The Democrats have postured as opponents of Republican efforts to use the pandemic and the resulting economic crisis to accelerate school privatization. But the Congressional Democrats’ federal legislation, dubbed the Heroes Act, would also leave school districts underfunded, forcing them to slash jobs and programs. Under the eight years of the Obama-Biden administration, the economic fallout of the 2008-09 financial crisis was used by the White House to vastly expand charter schools and slash teachers’ jobs and pay.
The back-to-school campaign is being enthusiastically supported by Democratic governors like New York’s Andrew Cuomo, California’s Gavin Newsom and Michigan’s Gretchen Whitmer. As opposed to the Republicans, however, the Democrats have more closely coordinated the campaign to reopen the schools with the teacher unions, the National Education Association (NEA) and the American Federation of Teachers (AFT).

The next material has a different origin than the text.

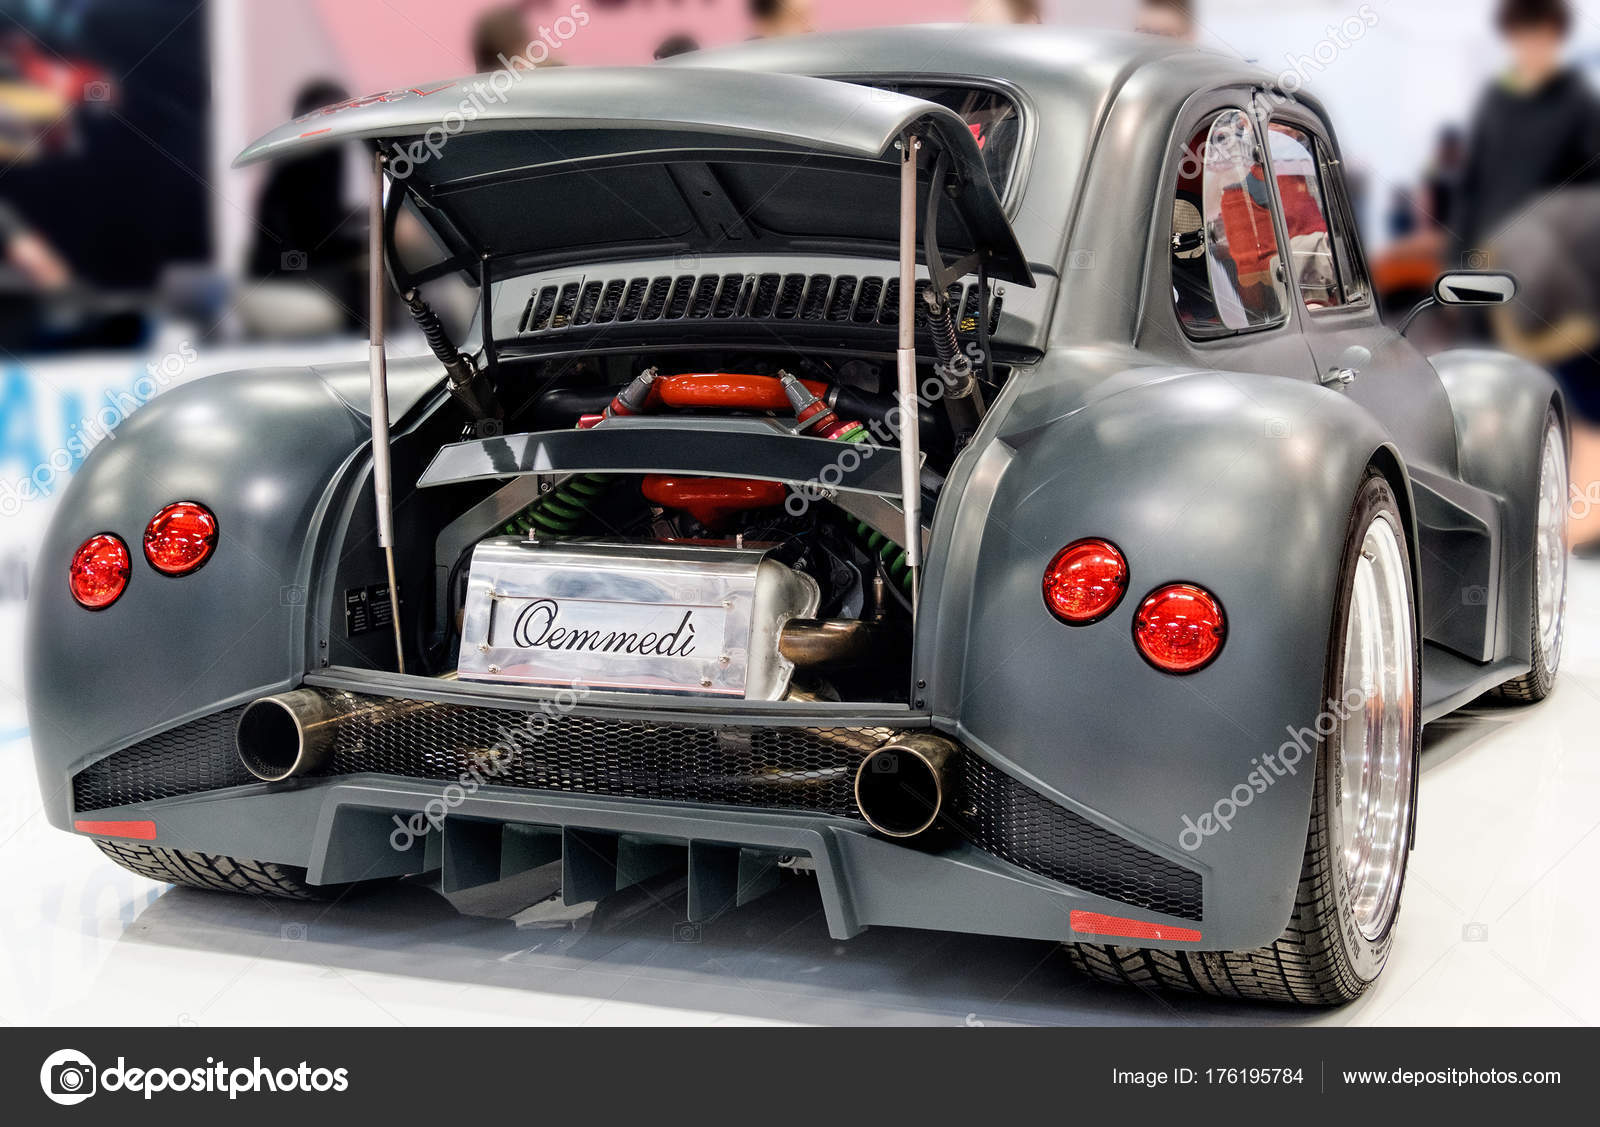 Schwarz Fiat 500 Lamborghini Italienischen Auto Mit Motor Im

The NEA and AFT have spent the last two years desperately trying to prevent the wave of teacher strikes demanding improved school funding, wages and working conditions, from coalescing into a nation-wide strike against both corporate-controlled parties. Once again, the unions are seeking to divide educators by state and district and prevent a general strike against the homicidal plan to open the schools.
That is why teachers, school employees, parents and students must take the initiative in their own hands, through the formation of rank-and-file committees, independent of the unions, in every school and neighborhood. These committees should prepare for a nationwide strike of educators and fight for the broadest support from every section of the working class.
“I support a nationwide strike if there is a massive endangering of students’ and teachers’ lives,” said Mike, the Michigan teacher, who said there was no safe way to reopen schools during the pandemic. “Say we go from 30 to 15 students and social distance? What about air circulation? No one’s talking about air flow and filtration in schools. But science says this is best for keeping spread of COVID down. Filtration systems are going to cost billions of dollars.
“I am in the middle of a high school that sits on cinder blocks. The structure of most school buildings is not conducive to having good air flow. I know my high school students and they are social creatures by nature. Social distancing will not be happening all of the time. Also, who is enforcing it? Not me, how will I teach? Then what is going to happen when they say, ‘Hey! We’ve run out of money!’ It’s about money, as long as it’s coming, things will be fine. When money runs out that is when people will stop playing nice.”